Tunnels do not only occur near death. They are also experienced in epilepsy and migraine, when falling asleep, meditating, or just relaxing, with pressure on both eyeballs, and with certain drugs, such as LSD, psilocybin, and mescaline. I have experienced them many times myself. It is as though the whole world becomes a rushing, roaring tunnel and you are flying along it toward a bright light at the end. No doubt many readers have also been there, for surveys show that about a third of people have—like this terrified man of 28 who had just had the anesthetic for a circumcision.
I seemed to be hauled at "lightning speed" in a direct line tunnel into outer space; (not a floating sensation . . .) but like a rocket at a terrific speed. I appeared to have left my body.
In the 1930s, Heinrich Klüver, at the University of Chicago, noted four form constants in hallucinations: the tunnel, the spiral, the lattice or grating, and the cobweb. Their origin probably lies in the structure of the visual cortex, the part of the brain that processes visual information. Imagine that the outside world is mapped onto the back of the eye (on the retina), and then again in the cortex. The mathematics of this mapping (at least to a reasonable approximation) is well known.
Jack Cowan, a neurobiologist at the University of Chicago, has used this mapping to account for the tunnel (Cowan 1982). Brain activity is normally kept stable by some cells inhibiting others. Disinhibition (the reduction of this inhibitory activity) produces too much activity in the brain. This can occur near death (because of lack of oxygen) or with drugs like LSD, which interfere with inhibition. Cowan uses an analogy with fluid mechanics to argue that disinhibition will induce stripes of activity that move across the cortex. Using the mapping it can easily be shown that stripes in the cortex would appear like concentric rings or spirals in the visual world. In other words, if you have stripes in the cortex you will seem to see a tunnel-like pattern of spirals or rings.
This theory is important in showing how the structure of the brain could produce the same hallucination for everyone…
Like tunnels, OBEs are not confined to near death. They too can occur when just relaxing and falling asleep, with meditation, and in epilepsy and migraine. They can also, at least by a few people, be induced at will. I have been interested in OBEs since I had a long and dramatic experience myself (Blackmore 1982a).
It is important to remember that these experiences seem quite real. People don’t describe them as dreams or fantasies but as events that actually happened. This is, I presume, why they seek explanations in terms of other bodies or other worlds.

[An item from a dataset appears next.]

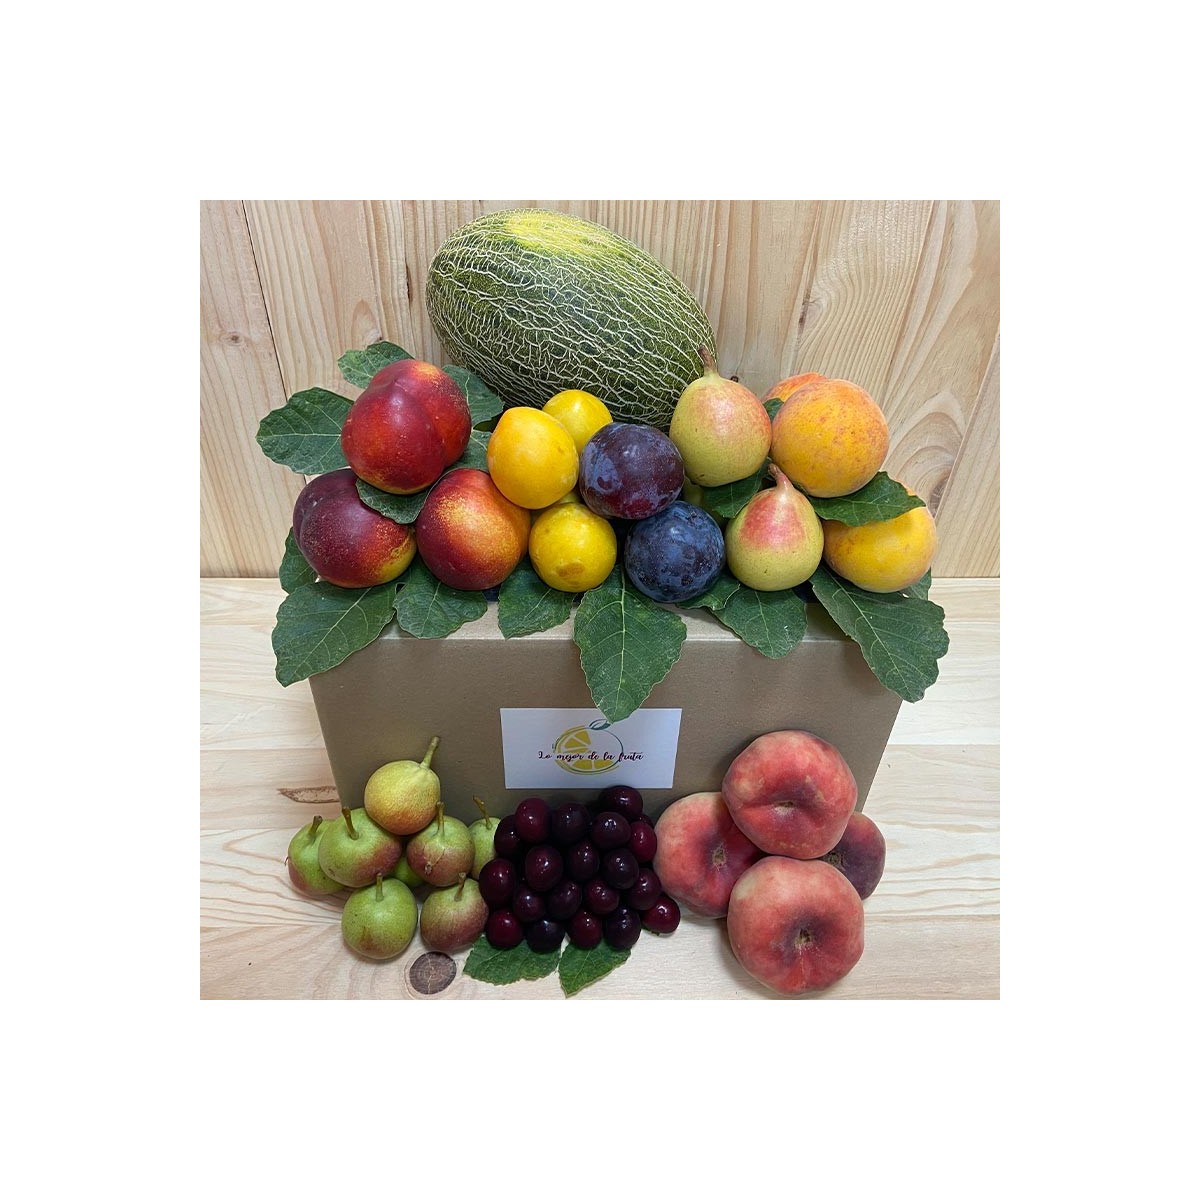 Pack agosto - Packs Frutas y Verduras -1- Lo mejor de la fruta
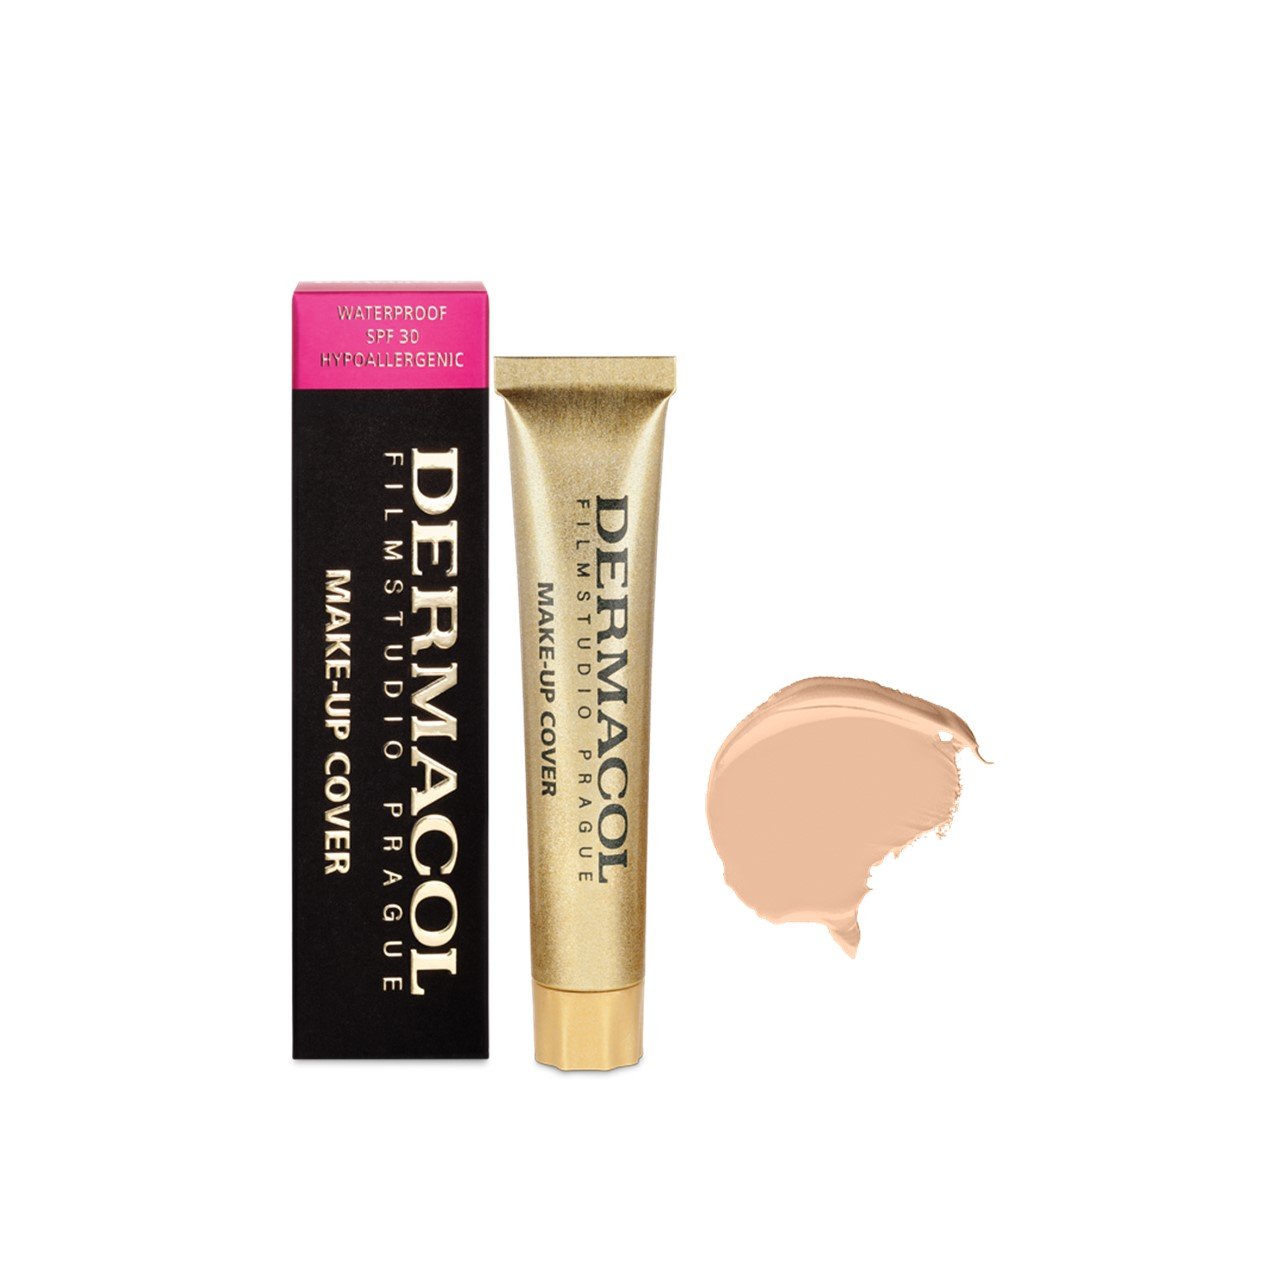 Dermacol Make-Up Cover Foundation SPF30 207 30g (1.06oz)

However, we have seen how poorly the astral projection and birth theories cope with OBEs…my explanation of the OBE becomes clear. A memory model in bird’s-eye view has taken over from the sensory model. It seems perfectly real because it is the best model the system has got at the time. Indeed, it seems real for just the same reason anything ever seems real…
The experience of seeing excerpts from your life flash before you is not really as mysterious as it first seems. It has long been known that stimulation of cells in the temporal lobe of the brain can produce instant experiences that seem like the reliving of memories. Also, temporal-lobe epilepsy can produce similar experiences, and such seizures can involve other limbic structures in the brain, such as the amygdala and hippocampus, which are also associated with memory.